In denying the petitions for bail, the Sandiganbayan concluded that the Ombudsman prosecutors “presented compelling evidence that accused Revilla amassed, accumulated or acquired ill-gotten wealth by repeatedly receiving from accused Napoles or her representatives or agents, money, through accused Cambe…and that accused Revilla and/or Cambe made use of their official position, authority, connections and influence.”

In the Resolution penned by Justice Efren dela Cruz, the anti-graft court gave “full faith and credence” to the “testimonies of witnesses and the documents they testified to, which, at this stage of the proceedings, has remained unrebutted.”

“[A] closer look at the prosecution’s evidence will disclose a strong indication that accused Revilla’s participation went beyond endorsement [of NGOs], and his perceived innocuous acts were in reality stained with foul intentions” aimed to “siphon a portion of that PDAF to himself,” the Resolution stated.

The Sandiganbayan junked the “feeble and unacceptable” defense raised by Revilla regarding alleged forgery of signatures, and ruled that the “defense did not succeed in disproving the signatures of accused Revilla and Cambe on the questioned documents with the presentation of a handwriting expert in the person of Atty. [Desiderio] Pagui.”

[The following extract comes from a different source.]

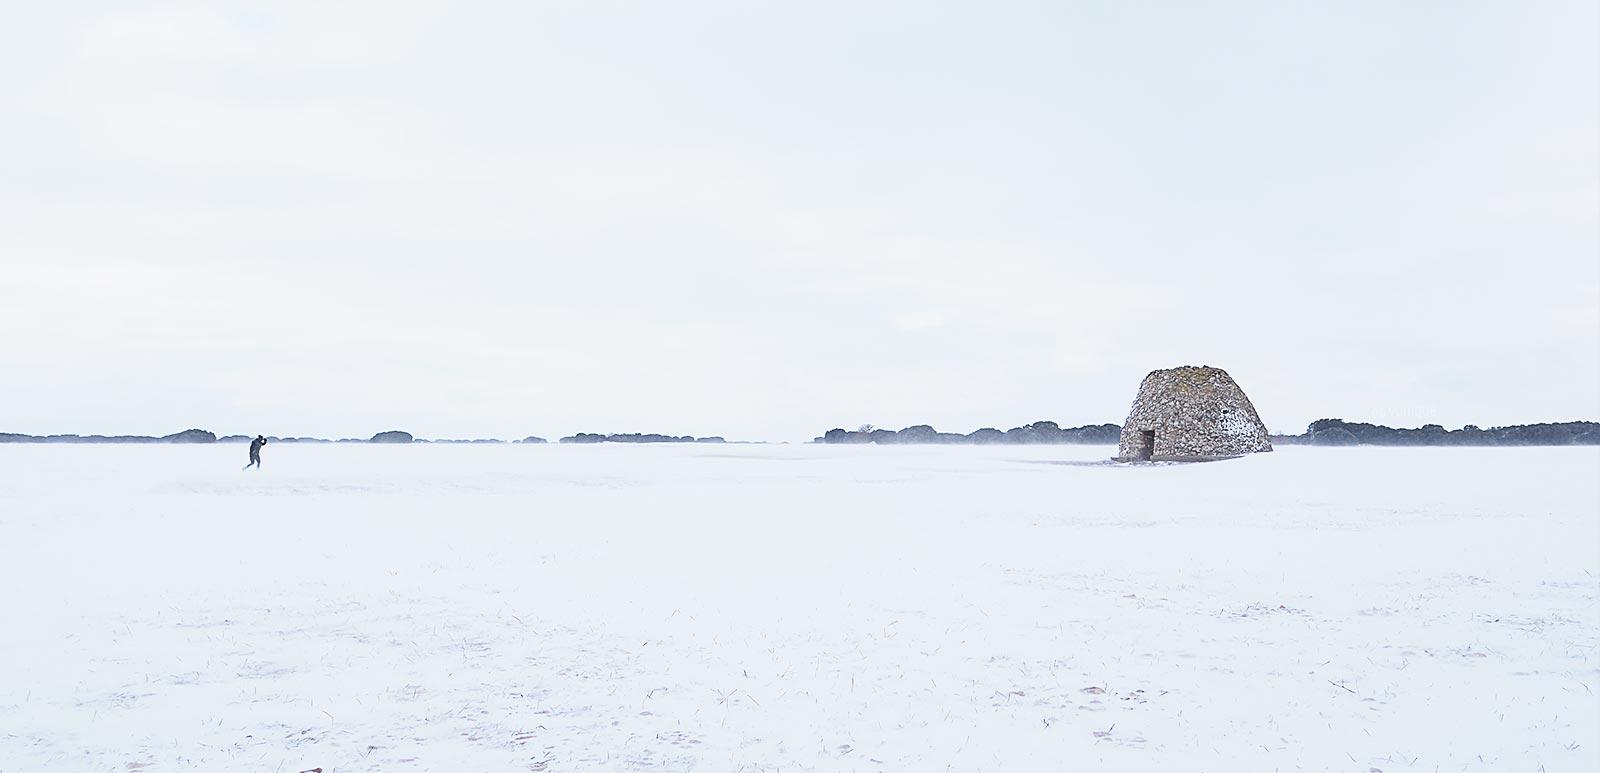 chozo-valdemore-montes-del-cerrato-palencia-invierno-tormenta-filomena
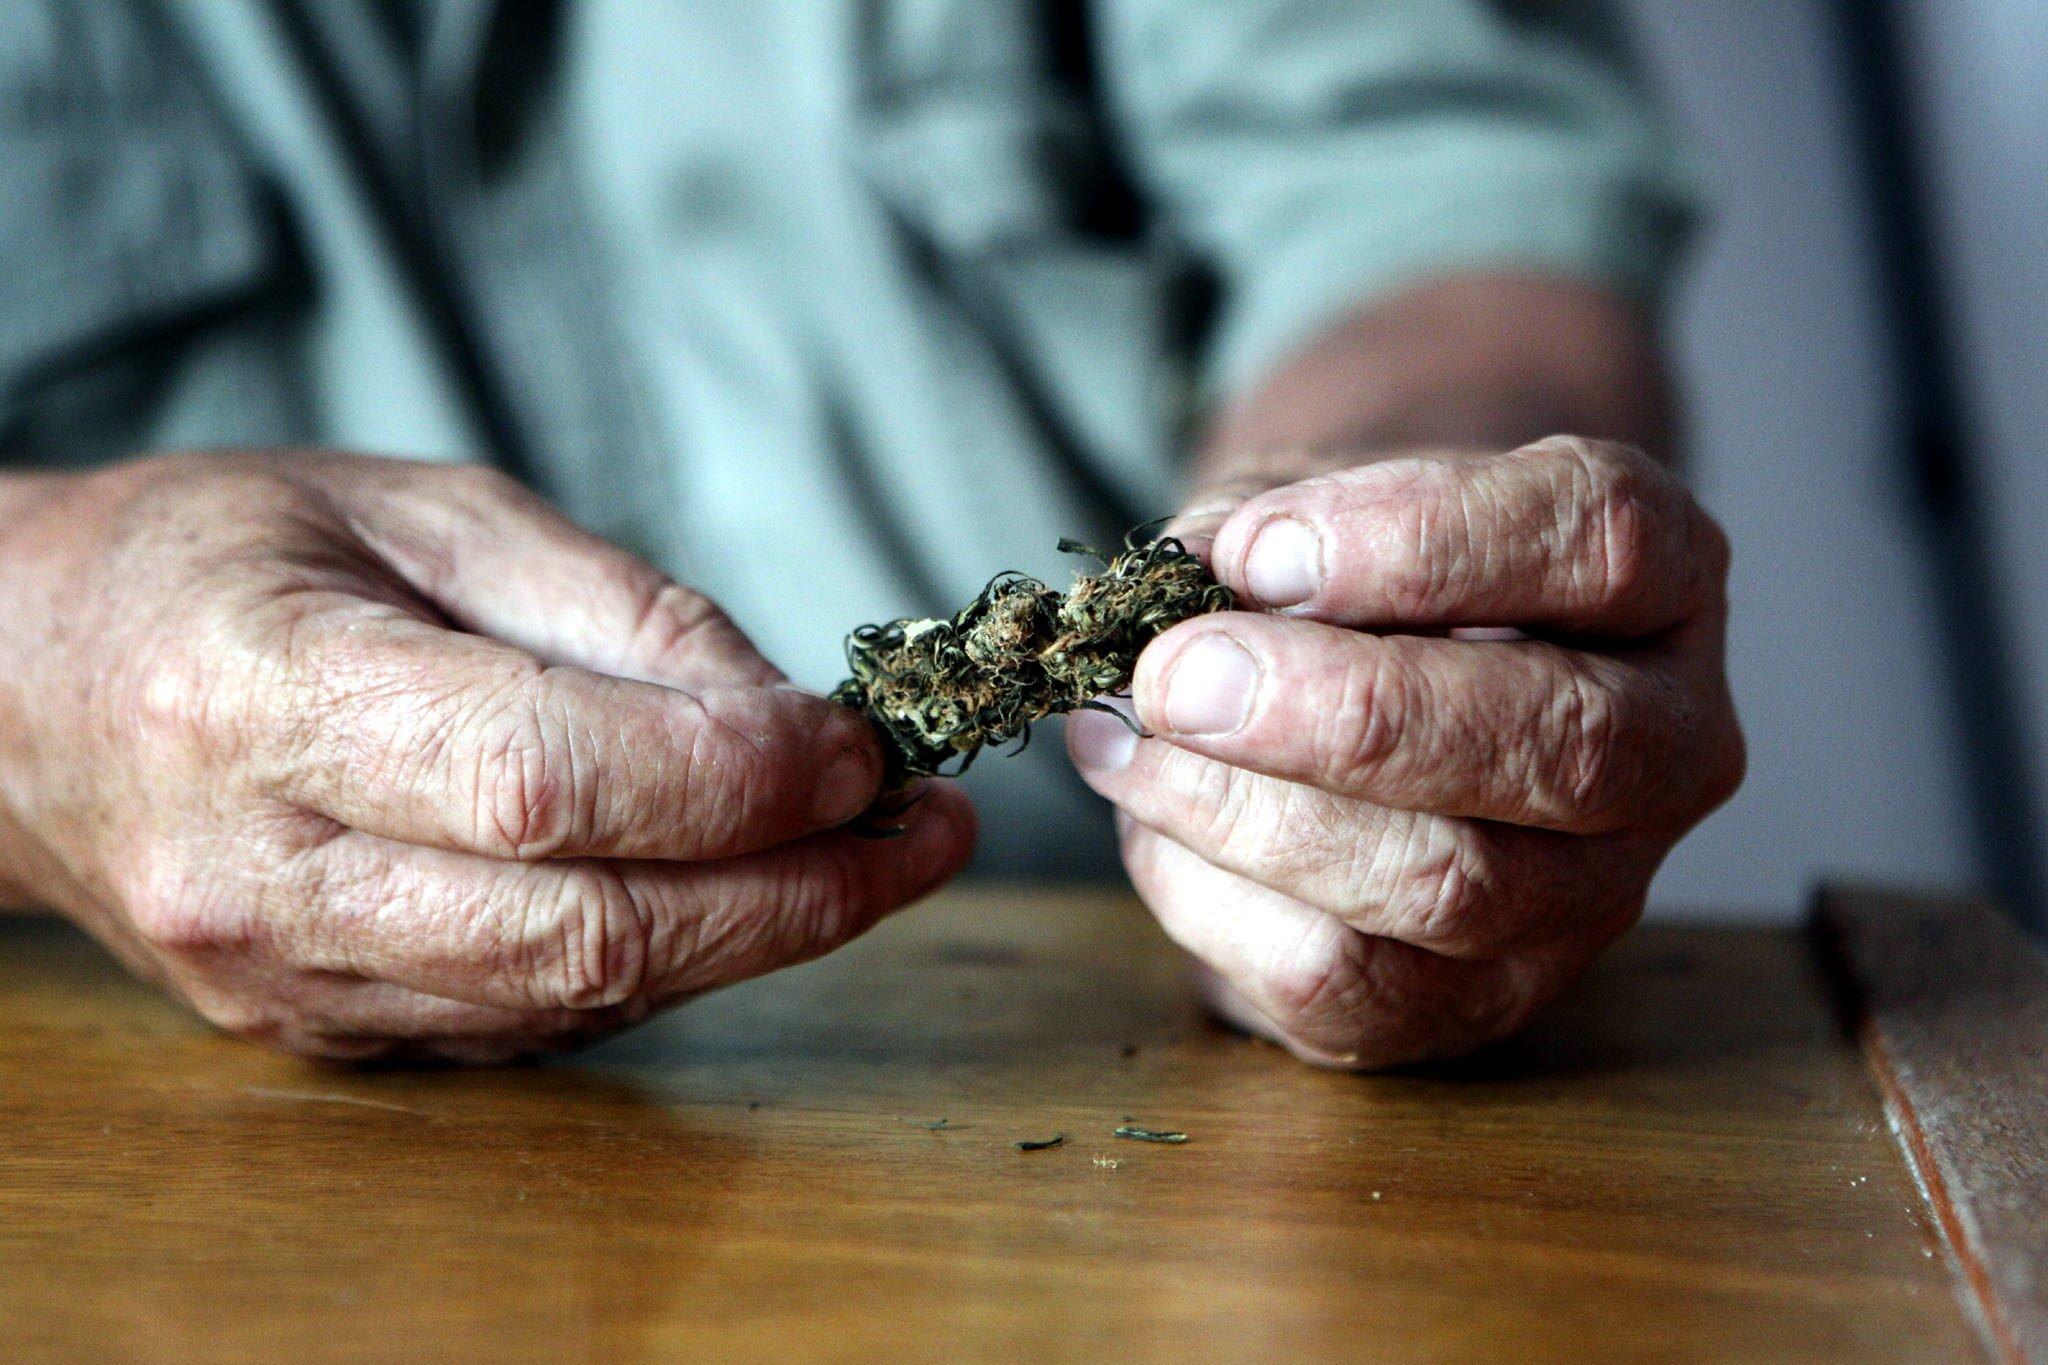 Desde este martes entra en vigor legalización de la marihuana medicinal en Florida

Insofar as the participation of co-accused Napoles is concerned, the Sandiganbayan said that “Revilla could not have possibly drawn money from his PDAF allocation directly to himself” and that the “indispensable participation of accused Napoles” is necessary. The so-called “Napoles connection” related to the control of the NGOs “are made evident by the bank transactions of the NGOs,” as testified to by Leigh Von Santos of the Anti-Money Laundering Council. The Court saw “no basis to doubt the strong evidence against accused Napoles.”

With respect to co-accused Cambe, the anti-graft court ruled that “the circumstances persuasively attest that accused Revilla on several occasions, received money from the illegitimate deals involving his PDAF, through accused Cambe,” stating that “Cambe profited from the same transactions [so far] computed at P13.935 million.”

The Sandiganbayan stated that the “prosecution has so far strongly proven the amount of P103million” as the amount of money “plundered by accused Revilla and/or Cambe.”

Ombudsman Conchita Carpio Morales welcomed this development and commended the efforts of the prosecution team.

The Ombudsman prosecution team handling the Revilla case is composed of Acting Director Joefferson Toribio, Assistant Special Prosecutor (ASP) III Jacinto Dela Cruz, ASP II Lyn Dimayuga, and ASP I Emerita Francia.

Toribio, head of the team, described that “in a little over four months, we were able to conclude the proceedings in the bail petitions of all the accused.”

Ombudsman Morales also cited the Sandiganbayan’s efficient case management in speedily resolving the bail petitions.

“The prosecution team shall continue pursuing the pending incidents on the transfer of Sen. Revilla to a regular detention center and the attachment of his assets,” Toribio added.